PROVIDED ENTRIES ::
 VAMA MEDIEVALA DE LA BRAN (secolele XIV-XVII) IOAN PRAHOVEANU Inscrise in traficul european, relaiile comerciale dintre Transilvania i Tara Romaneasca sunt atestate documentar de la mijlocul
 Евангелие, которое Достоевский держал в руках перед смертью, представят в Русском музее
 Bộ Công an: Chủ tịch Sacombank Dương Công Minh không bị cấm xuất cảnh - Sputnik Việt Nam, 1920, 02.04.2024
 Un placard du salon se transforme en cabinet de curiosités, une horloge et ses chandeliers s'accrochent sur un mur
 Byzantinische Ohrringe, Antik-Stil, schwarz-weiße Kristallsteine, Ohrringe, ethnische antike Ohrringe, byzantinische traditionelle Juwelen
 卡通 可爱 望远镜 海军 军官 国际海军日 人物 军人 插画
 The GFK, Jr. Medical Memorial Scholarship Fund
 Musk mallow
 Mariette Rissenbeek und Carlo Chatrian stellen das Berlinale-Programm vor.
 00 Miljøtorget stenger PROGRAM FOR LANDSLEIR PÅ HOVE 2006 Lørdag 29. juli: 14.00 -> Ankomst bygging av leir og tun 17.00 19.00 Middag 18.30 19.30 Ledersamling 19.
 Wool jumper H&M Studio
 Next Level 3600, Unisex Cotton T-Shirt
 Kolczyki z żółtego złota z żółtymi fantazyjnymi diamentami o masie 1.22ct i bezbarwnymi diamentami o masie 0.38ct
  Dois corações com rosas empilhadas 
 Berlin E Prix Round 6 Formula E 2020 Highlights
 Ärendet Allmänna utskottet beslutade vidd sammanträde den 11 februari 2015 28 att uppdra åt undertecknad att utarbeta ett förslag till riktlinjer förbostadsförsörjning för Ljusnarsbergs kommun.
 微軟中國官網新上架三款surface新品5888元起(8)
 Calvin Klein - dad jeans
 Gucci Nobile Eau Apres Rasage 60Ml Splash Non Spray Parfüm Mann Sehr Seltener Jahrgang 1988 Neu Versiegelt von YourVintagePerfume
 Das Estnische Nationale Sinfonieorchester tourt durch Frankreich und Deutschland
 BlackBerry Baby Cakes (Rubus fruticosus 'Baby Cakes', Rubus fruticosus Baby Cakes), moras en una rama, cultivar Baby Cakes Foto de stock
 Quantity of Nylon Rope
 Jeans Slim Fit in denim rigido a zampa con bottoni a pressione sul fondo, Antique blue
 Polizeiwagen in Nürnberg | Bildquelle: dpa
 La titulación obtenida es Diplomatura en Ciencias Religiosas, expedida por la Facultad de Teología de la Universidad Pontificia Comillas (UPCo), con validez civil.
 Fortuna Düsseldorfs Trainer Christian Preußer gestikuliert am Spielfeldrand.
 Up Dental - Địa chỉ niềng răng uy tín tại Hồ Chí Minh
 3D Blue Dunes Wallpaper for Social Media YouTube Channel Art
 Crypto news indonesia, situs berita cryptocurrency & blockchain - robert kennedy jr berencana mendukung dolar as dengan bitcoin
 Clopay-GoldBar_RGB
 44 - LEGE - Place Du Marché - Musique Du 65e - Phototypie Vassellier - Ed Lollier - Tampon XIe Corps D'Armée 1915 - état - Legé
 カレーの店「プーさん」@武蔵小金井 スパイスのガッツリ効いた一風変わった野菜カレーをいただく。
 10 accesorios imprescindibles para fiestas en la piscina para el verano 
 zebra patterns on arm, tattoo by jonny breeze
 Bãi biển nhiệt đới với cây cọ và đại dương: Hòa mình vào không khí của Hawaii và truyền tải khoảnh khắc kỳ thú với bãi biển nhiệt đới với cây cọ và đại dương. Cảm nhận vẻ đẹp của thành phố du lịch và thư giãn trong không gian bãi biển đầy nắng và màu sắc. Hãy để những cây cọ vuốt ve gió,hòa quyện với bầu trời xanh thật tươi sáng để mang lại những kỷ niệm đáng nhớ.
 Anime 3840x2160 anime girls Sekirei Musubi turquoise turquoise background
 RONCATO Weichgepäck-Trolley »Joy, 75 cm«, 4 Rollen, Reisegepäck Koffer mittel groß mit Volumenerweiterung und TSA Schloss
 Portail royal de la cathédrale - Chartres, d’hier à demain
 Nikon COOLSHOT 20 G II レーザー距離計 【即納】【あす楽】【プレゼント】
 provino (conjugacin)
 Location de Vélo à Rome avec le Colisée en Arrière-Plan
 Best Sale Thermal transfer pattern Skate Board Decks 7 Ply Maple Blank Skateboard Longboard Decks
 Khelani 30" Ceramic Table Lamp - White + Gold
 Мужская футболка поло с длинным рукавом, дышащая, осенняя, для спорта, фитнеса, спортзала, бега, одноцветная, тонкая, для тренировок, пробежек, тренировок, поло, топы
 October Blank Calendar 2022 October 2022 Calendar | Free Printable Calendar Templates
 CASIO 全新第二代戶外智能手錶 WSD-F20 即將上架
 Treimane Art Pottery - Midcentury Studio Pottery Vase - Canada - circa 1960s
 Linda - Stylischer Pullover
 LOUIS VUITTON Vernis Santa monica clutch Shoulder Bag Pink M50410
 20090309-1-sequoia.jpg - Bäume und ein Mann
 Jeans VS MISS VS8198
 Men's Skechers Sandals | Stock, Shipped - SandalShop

INSTRUCTIONS TO FOLLOW :: Filter the records for lines containing the word "Minh" and copy each one.

OUTPUT OF THE EXERCISE ::
 Bộ Công an: Chủ tịch Sacombank Dương Công Minh không bị cấm xuất cảnh - Sputnik Việt Nam, 1920, 02.04.2024
 Up Dental - Địa chỉ niềng răng uy tín tại Hồ Chí Minh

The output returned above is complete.